Kernel space and user space is an important theoretical knowledge of the operating system, the user program runs in the user space, the kernel function module runs in the kernel space, the space is not mutual access, the kernel space and user space refers to its code and data storage memory space. The user-state program must use system calls to access the kernel space. When a user-space application enters kernel space through a system call, it involves a context switch. User space and kernel space have different address mappings, universal registers and special register groups and stack area, and the process of user space to pass many variables, parameters to the kernel, the kernel will also save the user process of some registers, variables, etc., so that the system call back to the user space to continue execution.
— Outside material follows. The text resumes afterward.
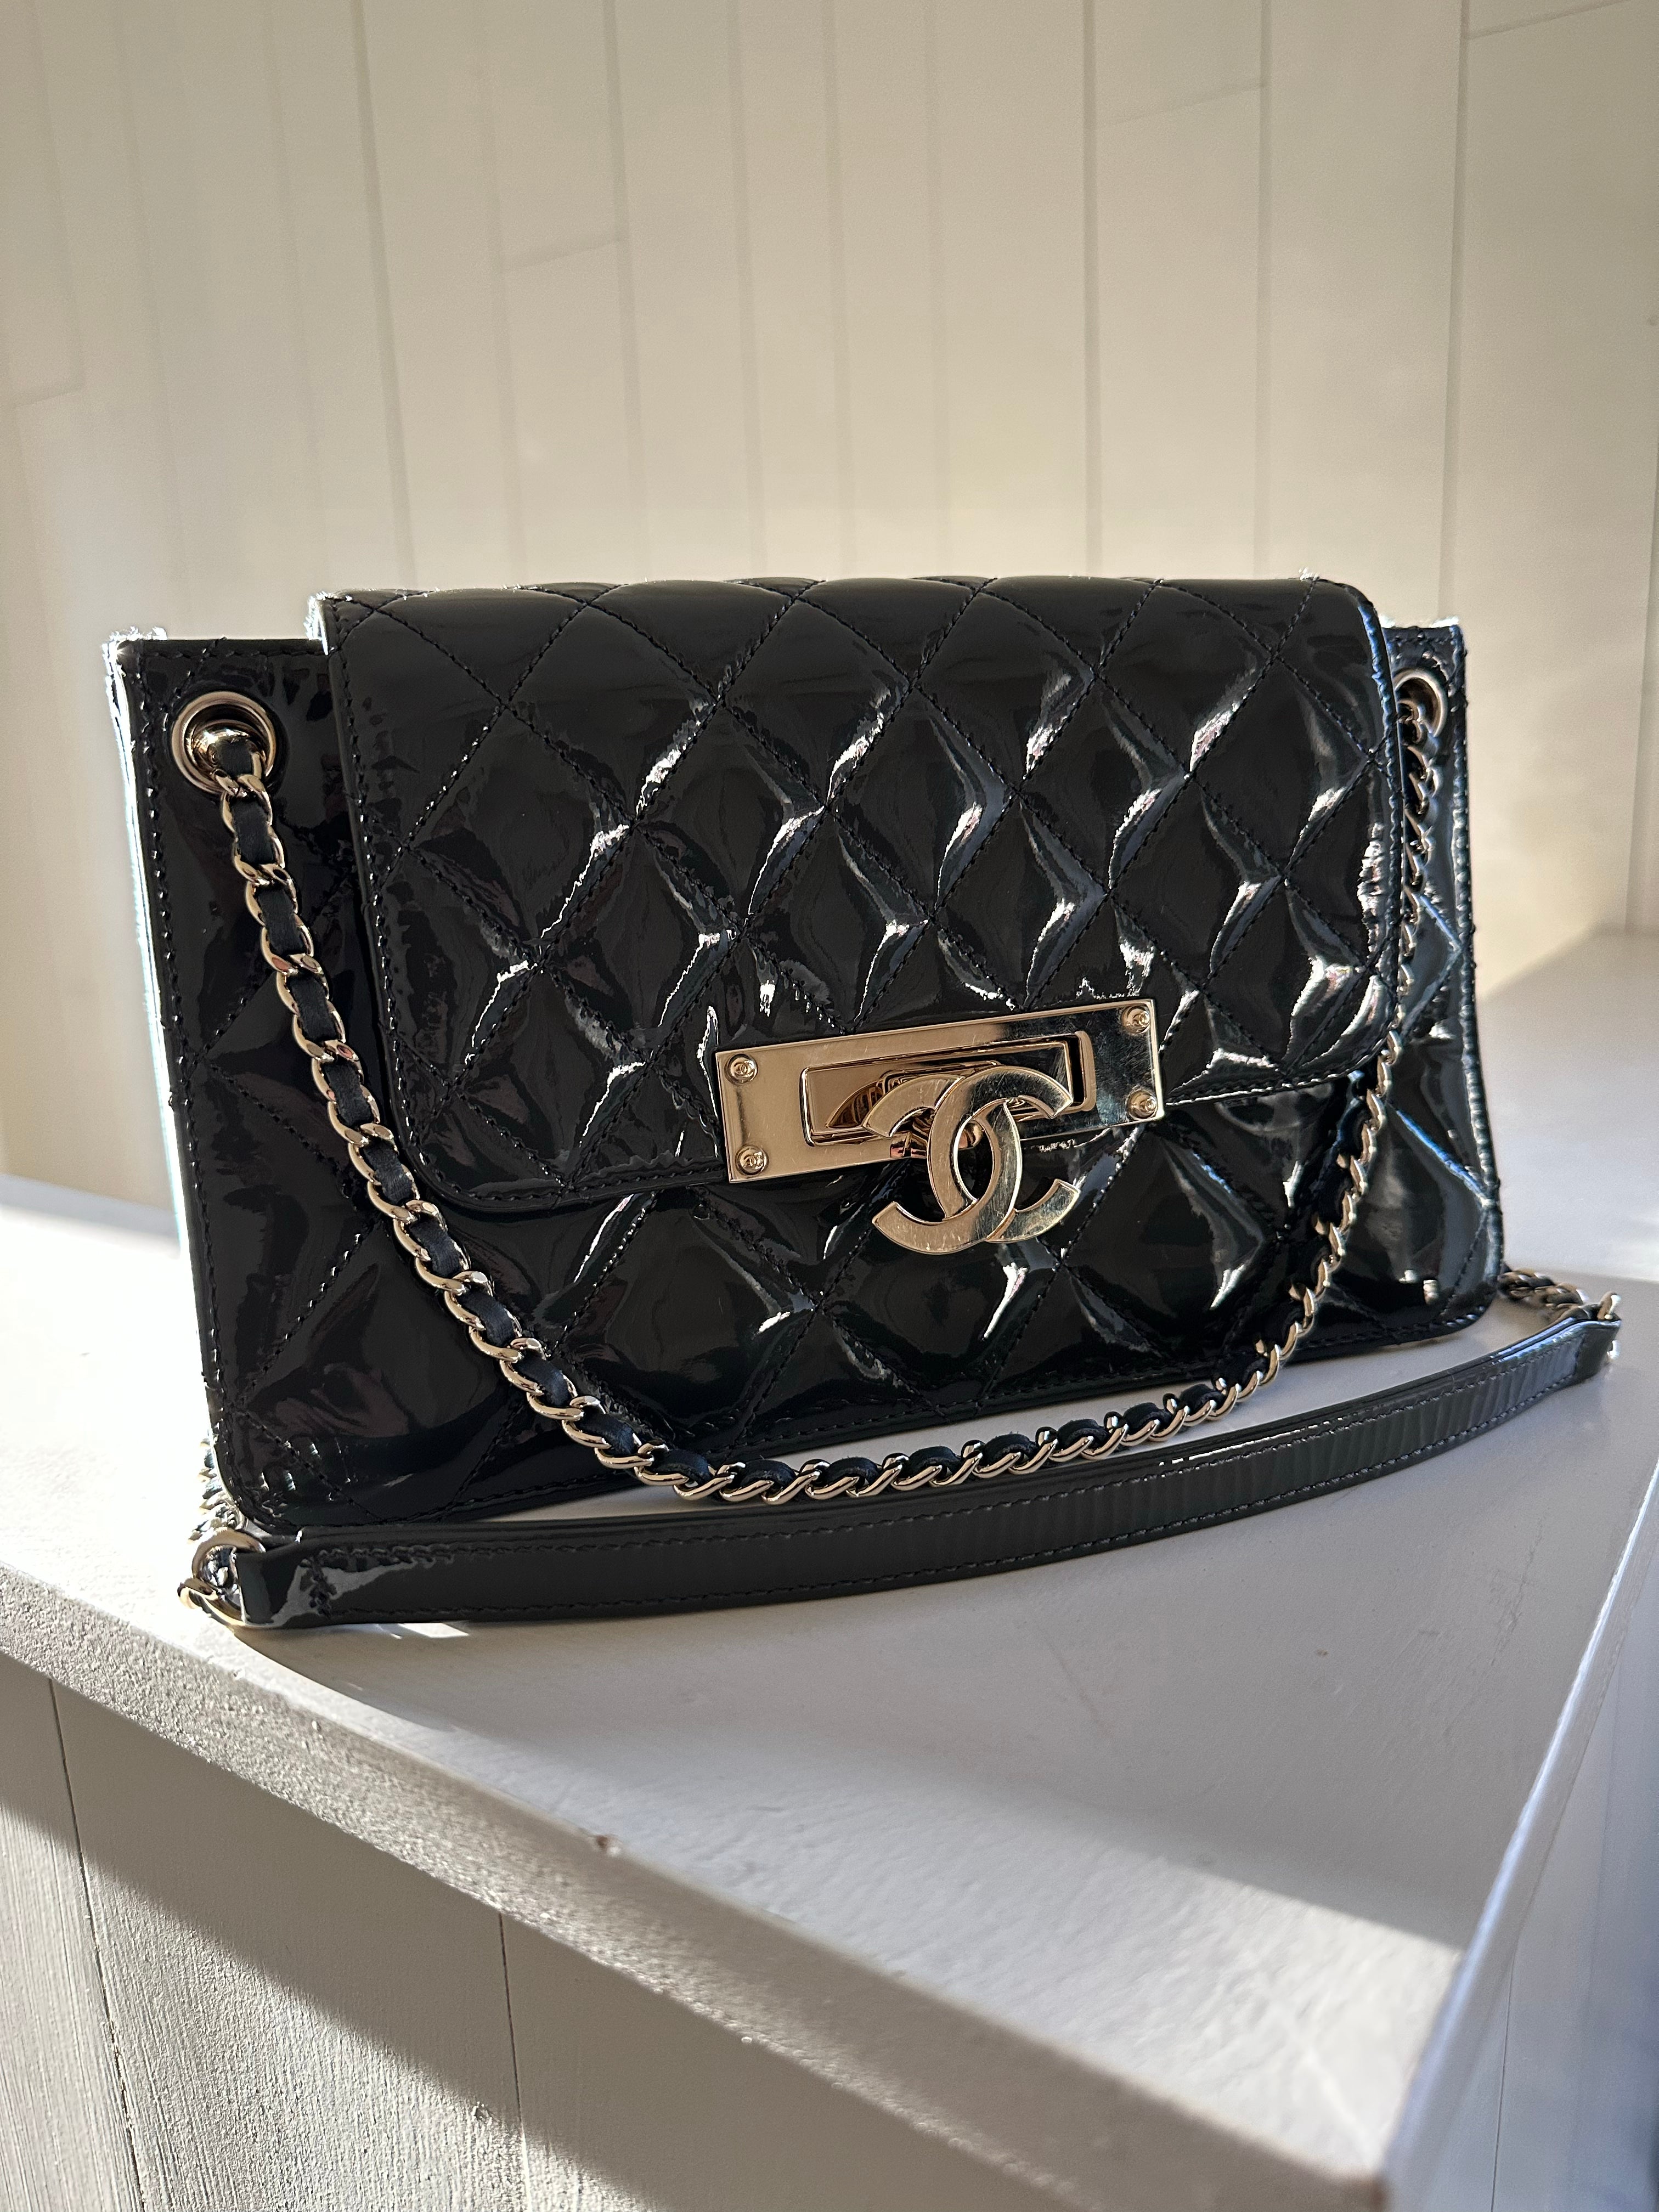 Chanel Black Quilted Patent Leather Reissue Accordion Flap Bag

The so-called process context is the values that a process passes to the kernel, all the registers of the CPU, the state of the process, and the contents of the stack, as well as the running environment before the process enters the kernel state. Therefore, when switching to the kernel state, you need to save all the state of the current process, that is, the context of the current process, so that when the process is executed again, it can resume the state of the switchover and continue execution. Similarly, the hardware triggers the signal, causing the kernel to call the interrupt handler and enter the kernel space. In this process, some of the hardware variables and parameters are passed to the kernel, the kernel through these parameters for interrupt processing, the interrupt context can be understood as the hardware passed over these parameters and the kernel needs to save some of the environment (mainly the environment of the interrupted process).

When a process executes, the values in all registers of the CPU, the state of the process, and the contents of the stack are referred to as the context of the process. When the kernel needs to switch to another process, it needs to save all the state of the current process, that is, to save the context of the current process so that it can be executed when the process is executed again. In Linux, the current process context is stored in the task data structure of the process. In the event of an outage, the kernel executes the interrupt service routine under the kernel state in the context of the interrupted process. At the same time, all resources that need to be used are preserved so that the execution of the interrupted process can be resumed at the end of the relay service.

The context is simply an environment, relative to the process, that is the environment in which the process executes. An environment that interrupts execution, as opposed to interrupts.

The context of a process can be divided into three parts: User-level context, register context, and system-level contexts.

(1) User-level context: body, data, user stack, and shared storage area;
(2) Register context: Universal Register, Program Register (IP), processor status register (eflags), stack pointer (ESP);
(3) System level context: Process Control block task_struct, memory management information (mm_struct, Vm_area_struct, PGD, Pte), kernel stack.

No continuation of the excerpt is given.